Unsurprisingly, the Technologies sector saw a lot more cryptomining traffic than any industry far. While a lot of this activity could be attributed to poor actors, it’s probable that more information surrounding cryptocurrencies could business lead workers in this industry to try and install miners on the company computer systems, triggering DNS blocks in Umbrella because of company policy violations. Compared, Financial Services-an market where workers tend to be more likely alert to the risks of working cryptomining software program on company devices-had among the lowest levels.

Interestingly, the Technology industry saw the second-highest degree of ransomware-related traffic, mainly driven by episodes concerning Sodinobiki and Ryuk . However, the extremely higher proportion of cryptomining down pushed the entire percentage, to arrive a six percent. trojan activity was high furthermore, considering that Trickbot and Emotet had been utilized to distribute Ryuk, as earlier discussed partly one .

Financial Providers


Phishing resulted within the highest degrees of malicious DNS visitors in the Financial Solutions sector. Actually, this sector saw 60 percent more phishing compared to the next-closest sector, ADVANCED SCHOOLING. It’s possible that sector is focused by attackers through phishing more regularly than others due to its proximity to numerous bad actor’s objective: money.
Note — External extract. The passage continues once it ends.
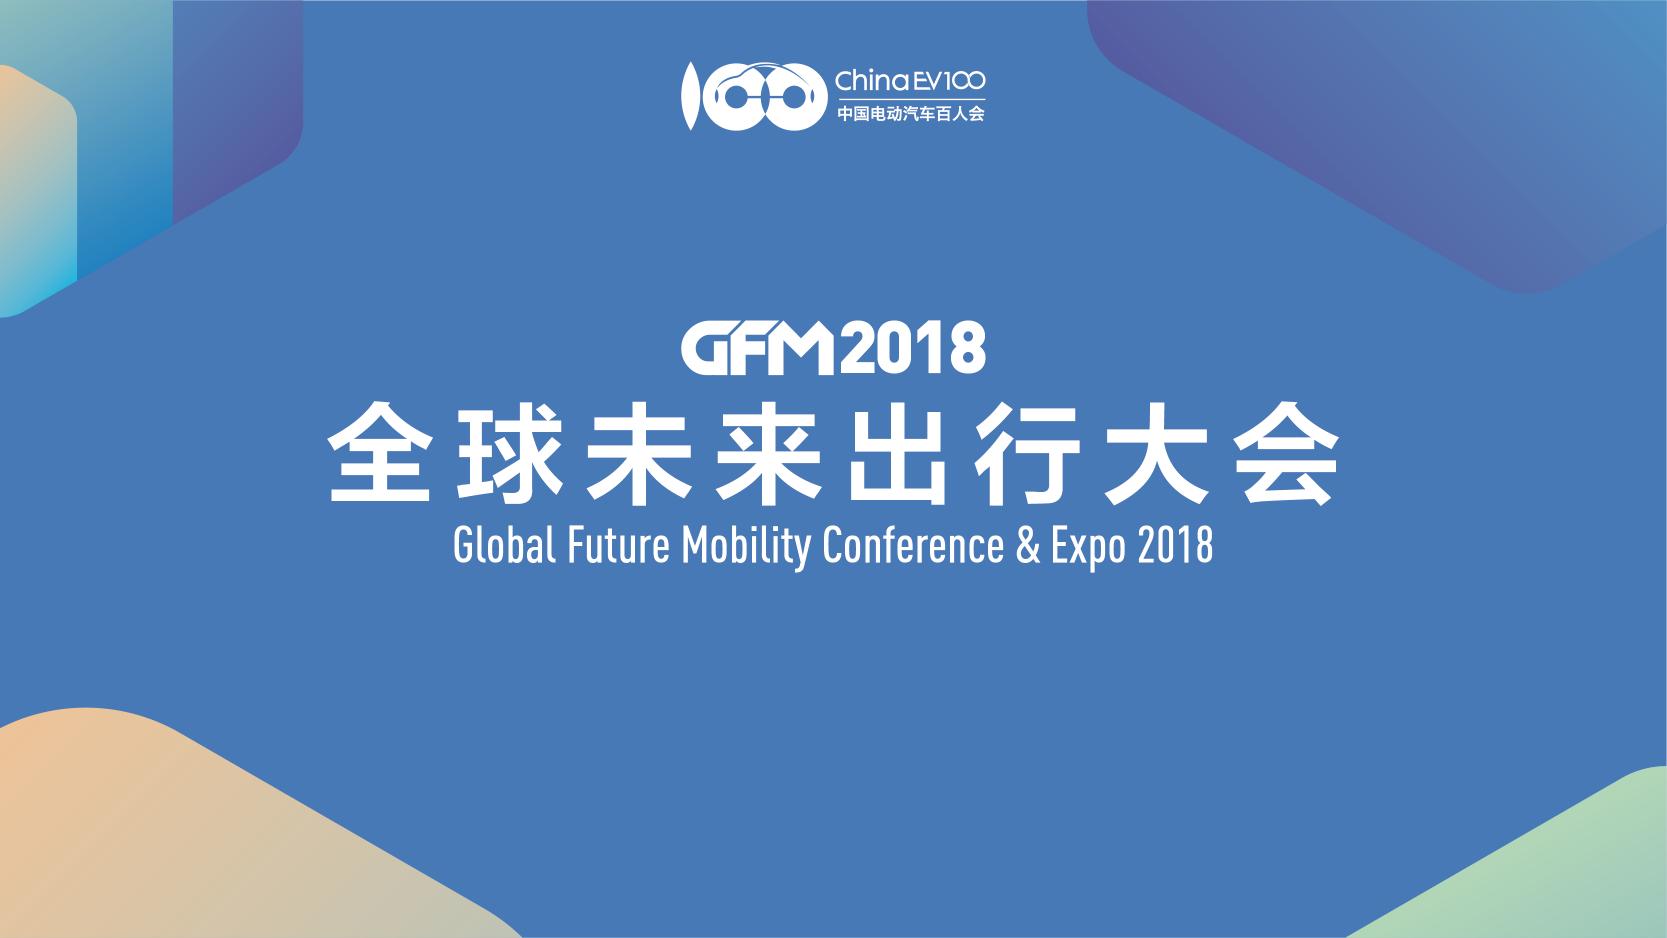 GFM2018全球未来出行论坛暨国际展览会
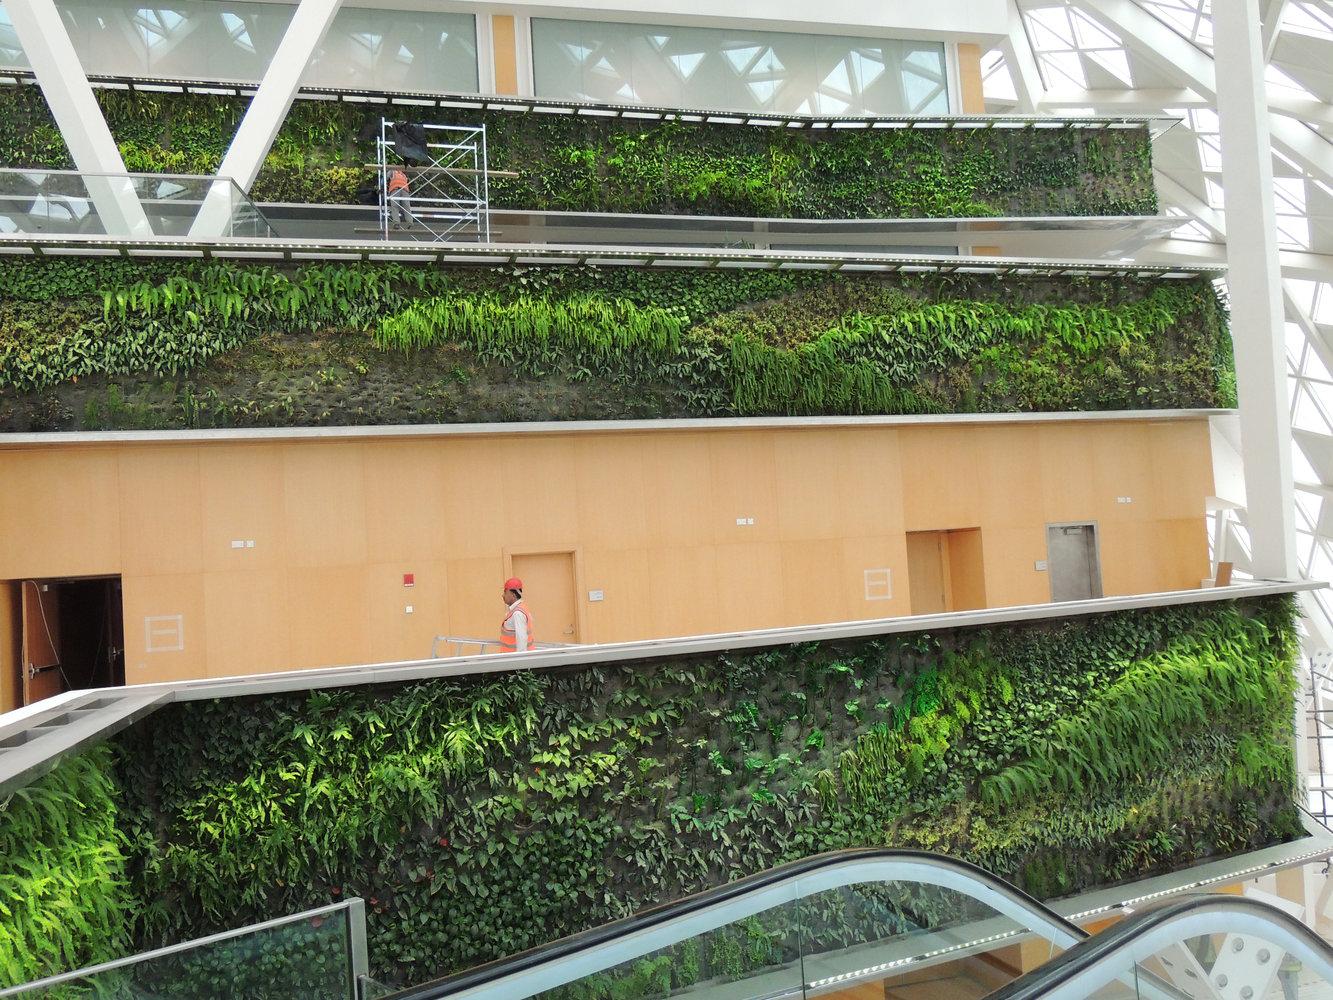 kafd conference center indoor riyadh mur vegetal patrick blanc. Black Bedroom Furniture Sets. Home Design Ideas

Supporting this idea may be the fact that the Economic Services sector also noticed more information-stealing threats than any industry. While not recognized to generate higher volumes of DNS visitors (only 2 %), Financial Providers saw five times just as much visitors in this class than any other sector. DNS Activity in the Financial Services Sector

Financial Solutions also saw the second-highest quantity of traffic in a genuine number of categories, such as for example trojans, botnets, and remote control access trojans (RATs). The breadth of malicious visitors seen in this business could talk with how attractive a focus on it really is to bad actors.

Health care


The Health care industry saw more trojans than any sector, along with higher amounts of droppers. The majority of the trojan-based exercise could be related to Emotet, as healthcare companies were hit tough by the threat in 2020. Near seven from every ten trojans noticed within the health care sector was Emotet. Toss Emotet’s cousin Trickbot in to the mix close, you’re considering 83 percent of most trojan-related traffic.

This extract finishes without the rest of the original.